[MRG+2] default gamma='auto' in SVC by gxyd · Pull Request #10331 · scikit-learn/scikit-learn

gxyd · 2017-12-16T09:30:22Z

Reference Issues/PRs

What does this implement/fix? Explain your changes.

Deprecates the default SVC gamma parameter value of "auto", which is calculated as 1 / n_features, and introduces "scale", which is calculated as 1 / (n_features * X.std()).

Any other comments?

I couldn't fix all the doctests since I'm not sure how to run doctests using pytest (I asked on gitter, though haven't received a response), otherwise using make test will more time to see which docs need to be fixed.

Conflicts: sklearn/model_selection/_search.py sklearn/model_selection/tests/test_search.py

gxyd · 2017-12-16T12:18:08Z

Currently it raises an error:

E           AssertionError: Estimator SVC should not change or mutate  the parameter gamma
             from auto_deprecated to auto during fit.

gxyd · 2017-12-16T12:54:14Z

I can fix that issue I mention above (that is not a problem).
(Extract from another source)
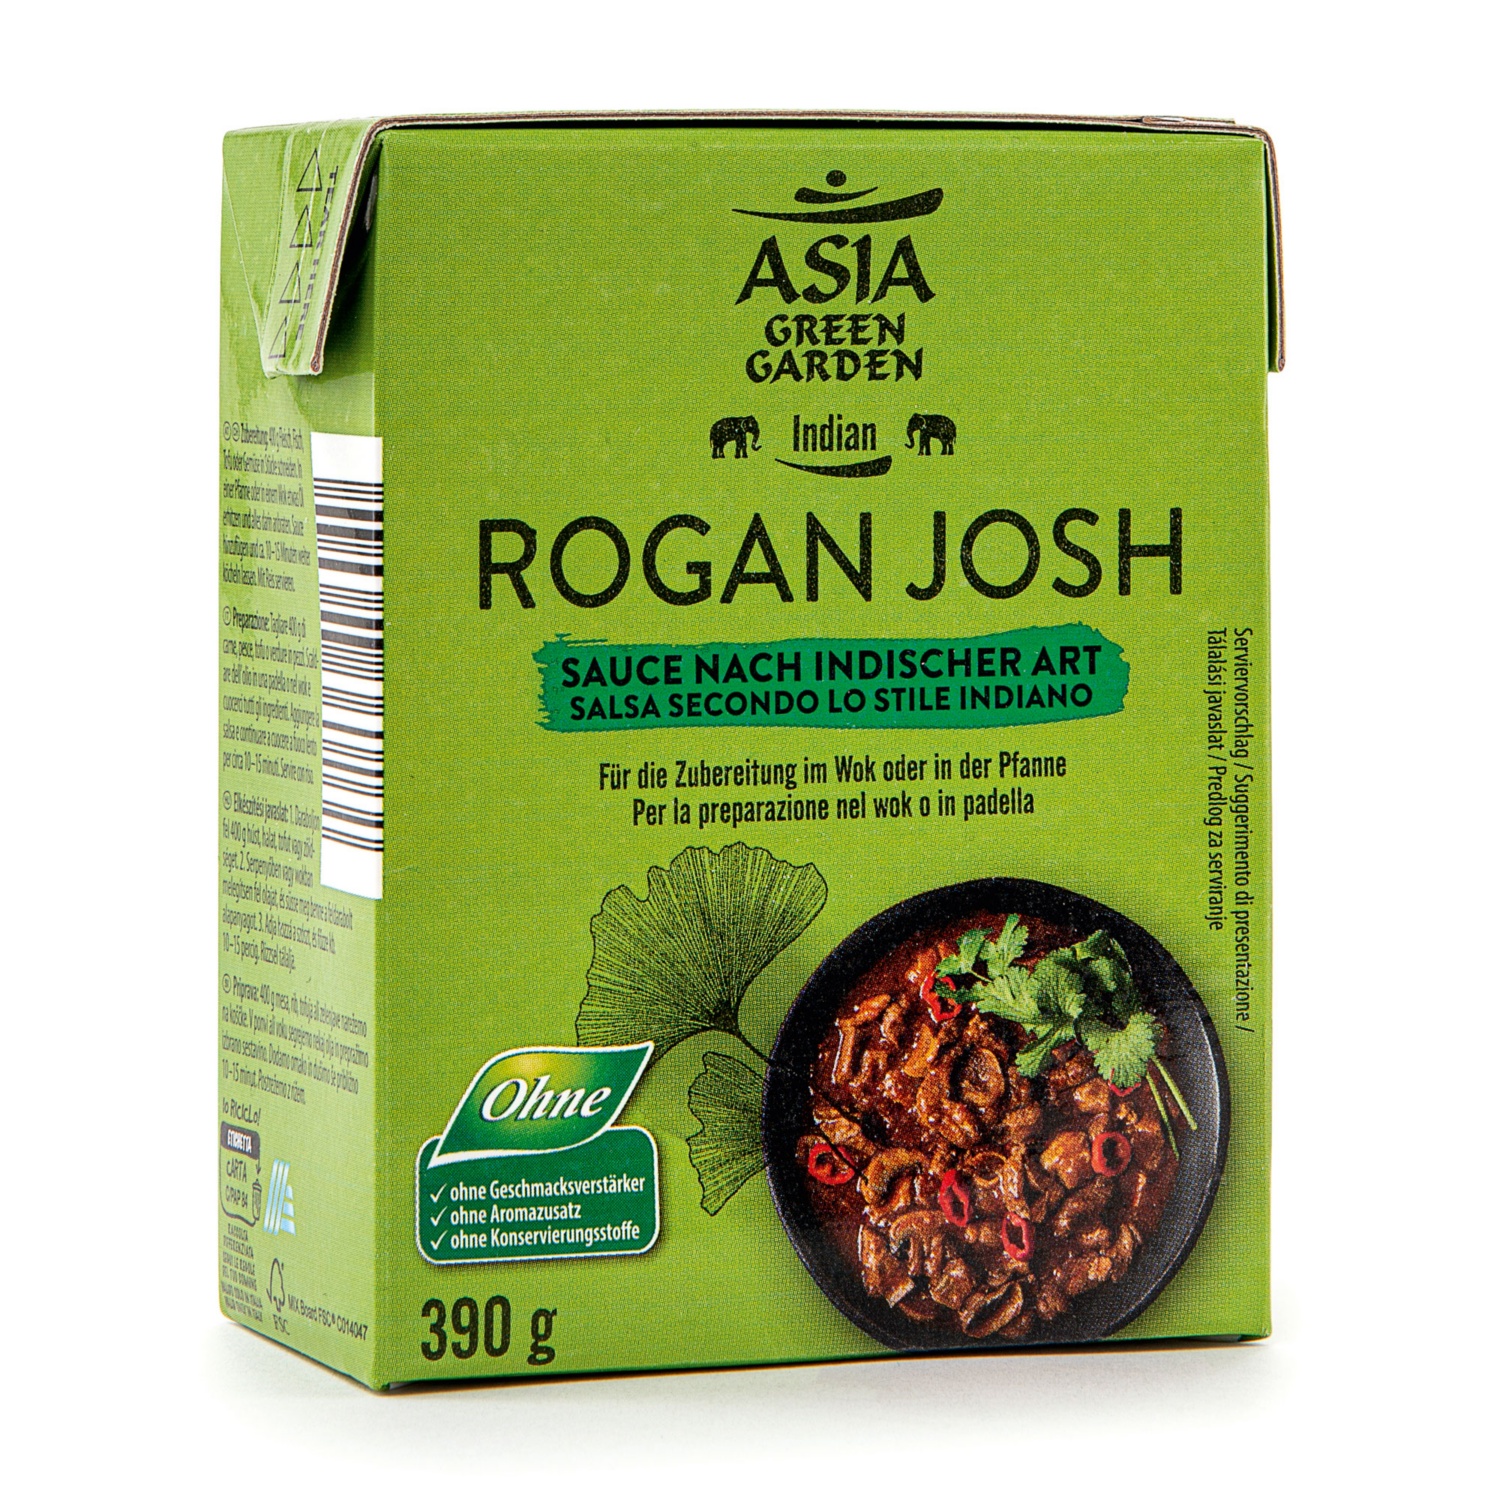 ASIA GREEN GARDEN Indische Saucen, Rogan Josh

I'v one query, that should we use gamma='auto' or gamma='scale' in docs? Also a lot of examples in documentation don't actually set random_state (one of the points Raghav raised here #8535 (comment)), do I need to set random_state? Atleast for the example I touch in the documentation.
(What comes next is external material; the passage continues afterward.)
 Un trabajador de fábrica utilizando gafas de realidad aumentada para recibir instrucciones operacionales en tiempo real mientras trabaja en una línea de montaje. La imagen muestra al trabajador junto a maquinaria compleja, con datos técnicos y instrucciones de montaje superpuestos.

gxyd · 2017-12-18T05:05:53Z

@amueller can you give a look over the PR, though I've few questions as well that I've mentioned.

gxyd · 2017-12-18T07:00:14Z

Locally tests pass. I am guessing that travis uses scipy version 0.13.3, which doesn't have the power method for lil_matrix, hence the current error on travis. Travis is based on Ubuntu 14.04 (which has scipy 0.13.3 upstream) and that is causing the problem.

gxyd · 2017-12-18T12:30:25Z

sklearn/svm/base.py

-        if self.gamma == 'auto':
+        if self.gamma == 'scale':
+            if isinstance(X, sp.spmatrix):
+                X_std = np.sqrt(X.power(2).mean() - (X.mean())**2)


I've been able to figure out how to do this without the use of X.power.

I could simply use X.toarray()**2, but I don't think that is efficient.

Maybe X.multiply(X)?

Why can there be a lil matrix here? We called check_X_y above with accept_sparse='csr'.

amueller

Can we maybe not deprecate auto and just change the default? not sure, though....

amueller · 2017-12-18T16:22:58Z

sklearn/svm/base.py

-        if self.gamma == 'auto':
+        if self.gamma == 'scale':
+            if isinstance(X, sp.spmatrix):
+                X_std = np.sqrt(X.power(2).mean() - (X.mean())**2)


Why can there be a lil matrix here? We called check_X_y above with accept_sparse='csr'.

gxyd · 2017-12-18T18:41:44Z

@amueller

Can we maybe not deprecate auto and just change the default? not sure, though....

I think that is the intention here. That is to replace the default value not to actually remove 'auto' from possible gamma values.
Does the usage of gamma=auto_deprecate sounds misleading here? Or better simply use auto_default? Though @jnothman suggested that here #8535 (comment) . Also I think the warning message should be made more clear. WDYT?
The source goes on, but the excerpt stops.